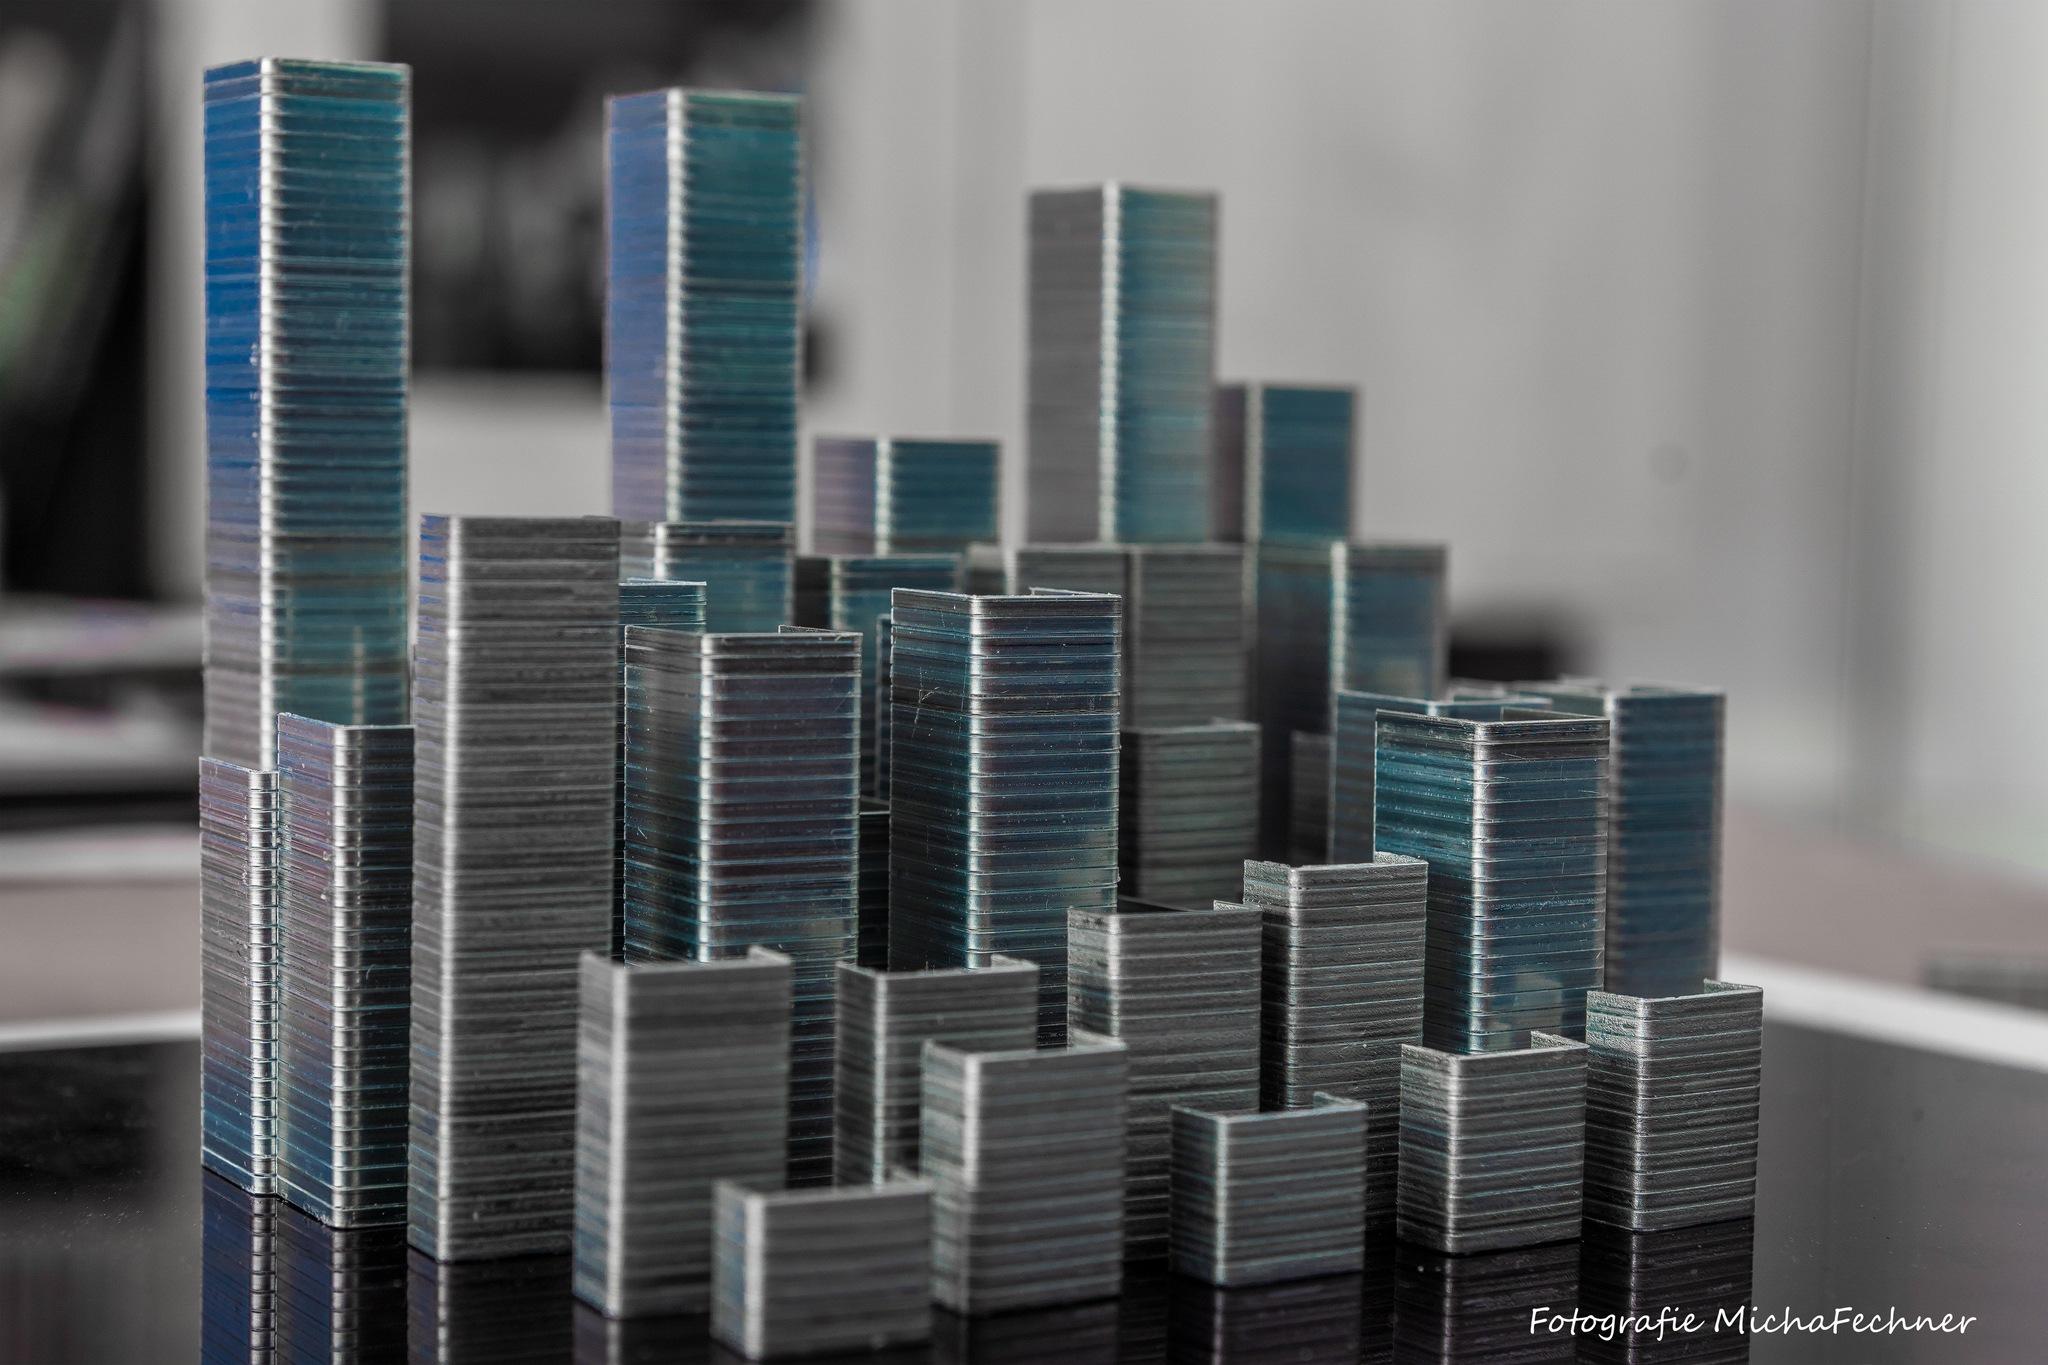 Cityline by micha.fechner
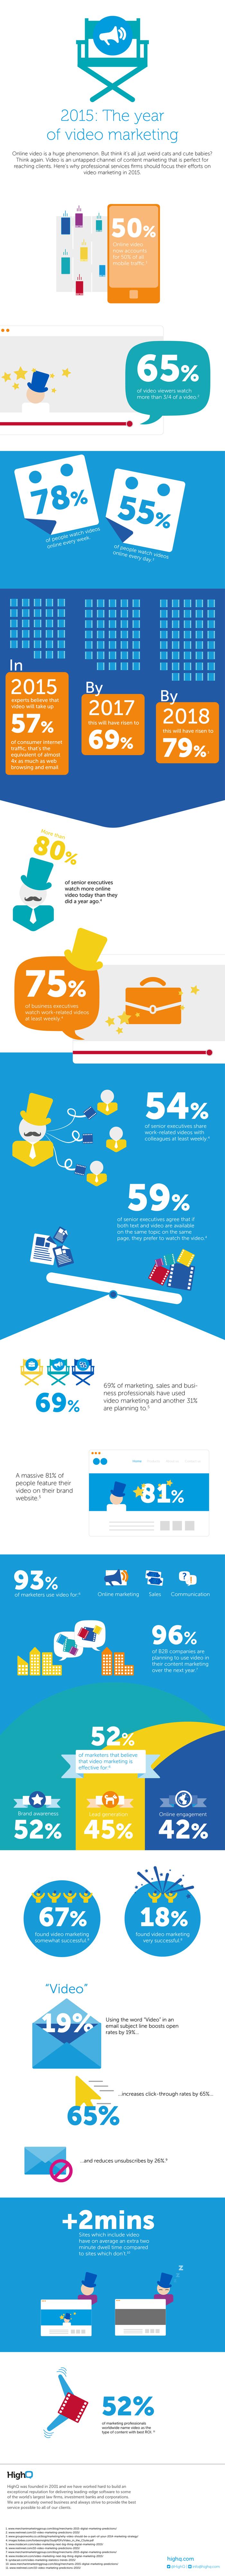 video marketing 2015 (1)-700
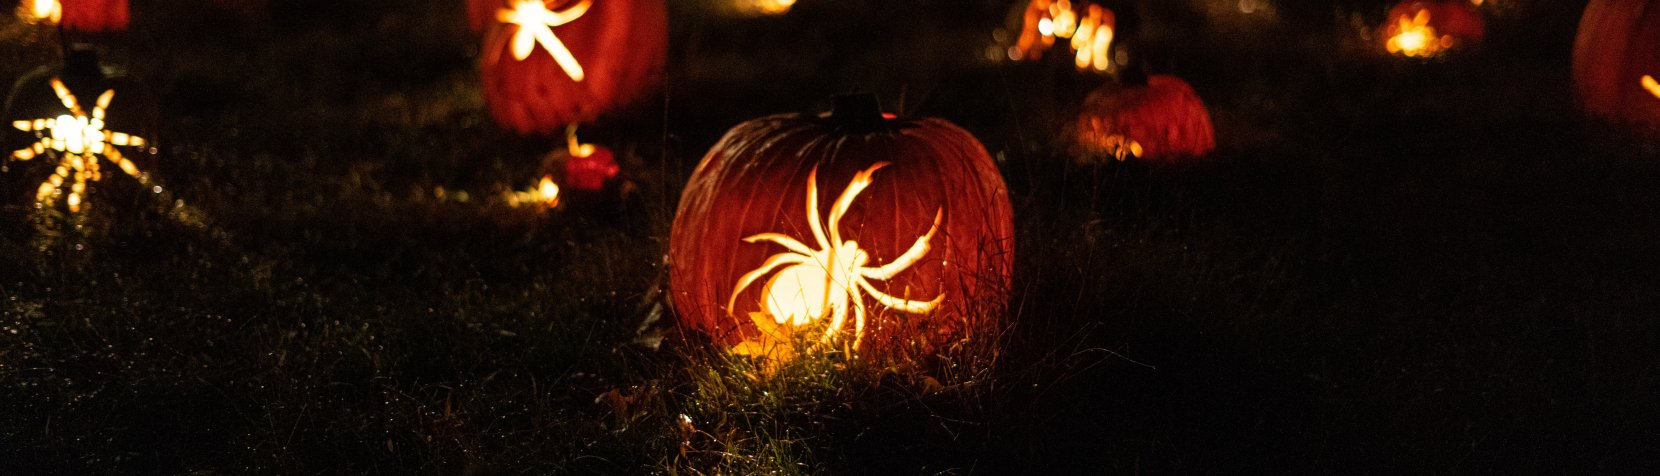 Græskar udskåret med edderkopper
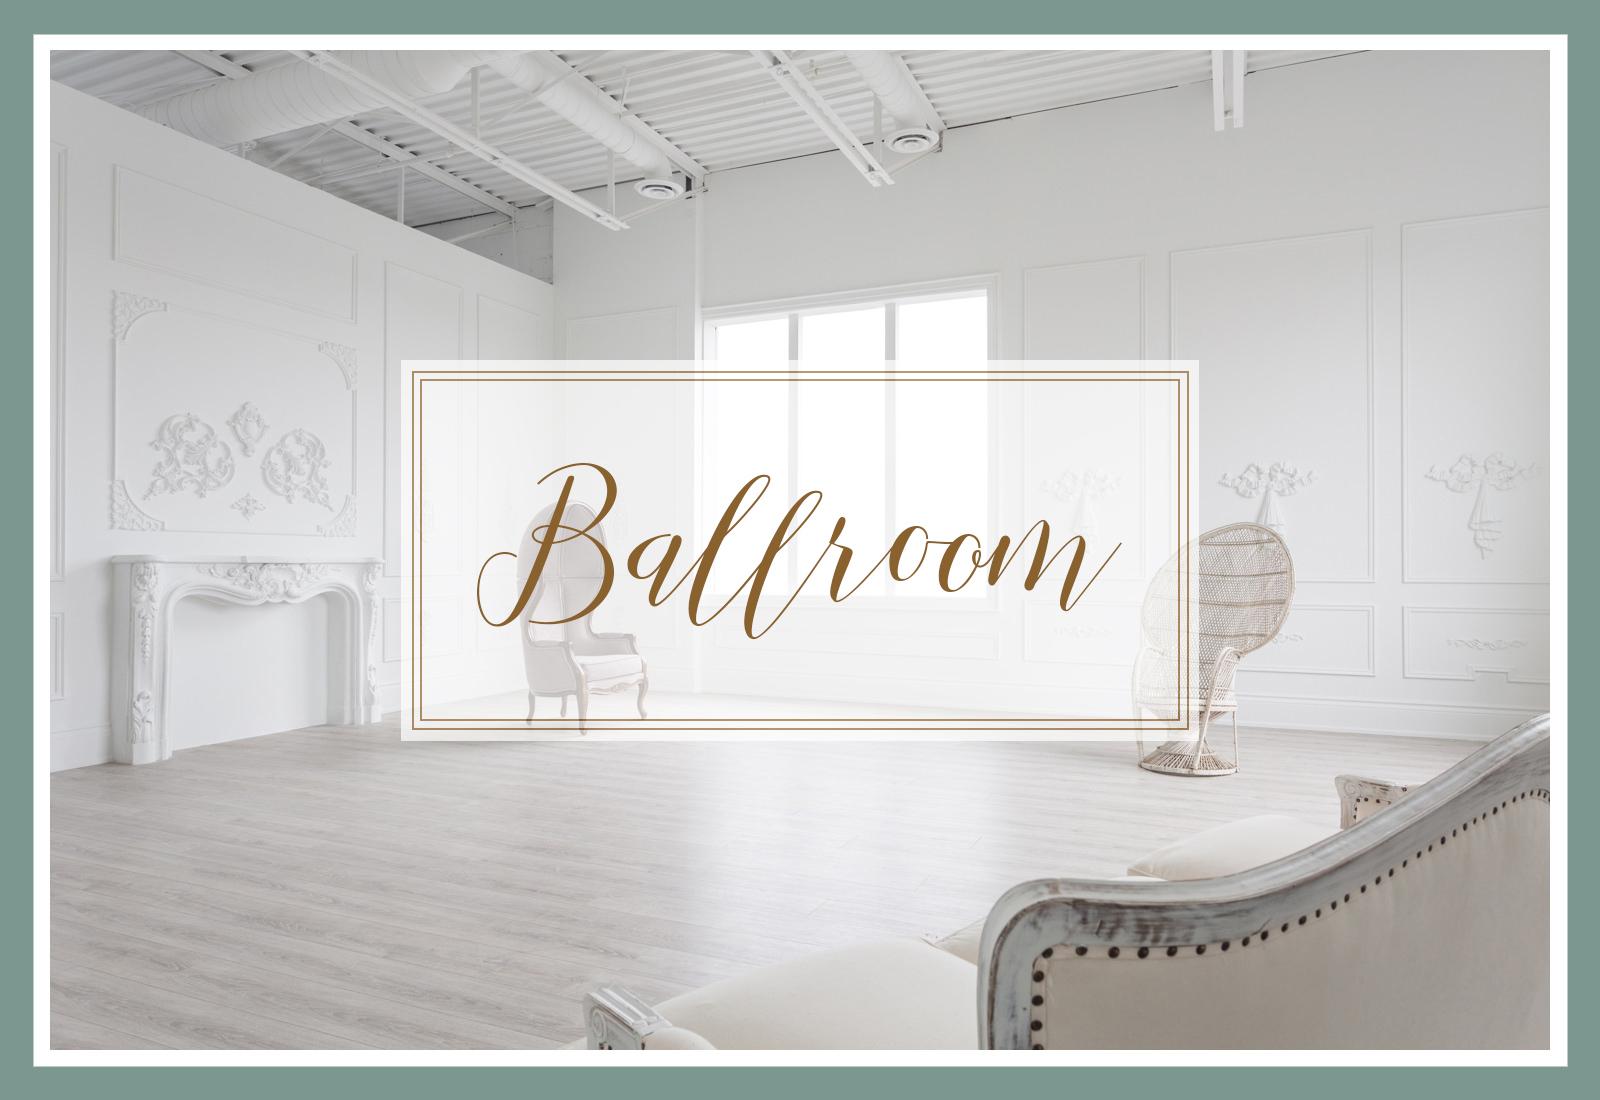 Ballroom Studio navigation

**Assignment**. Restate all of the data word for word and include no pictures.

**Written response**.
 Cityline by micha.fechner
 video marketing 2015 (1)-700
 Græskar udskåret med edderkopper
 Ballroom Studio navigation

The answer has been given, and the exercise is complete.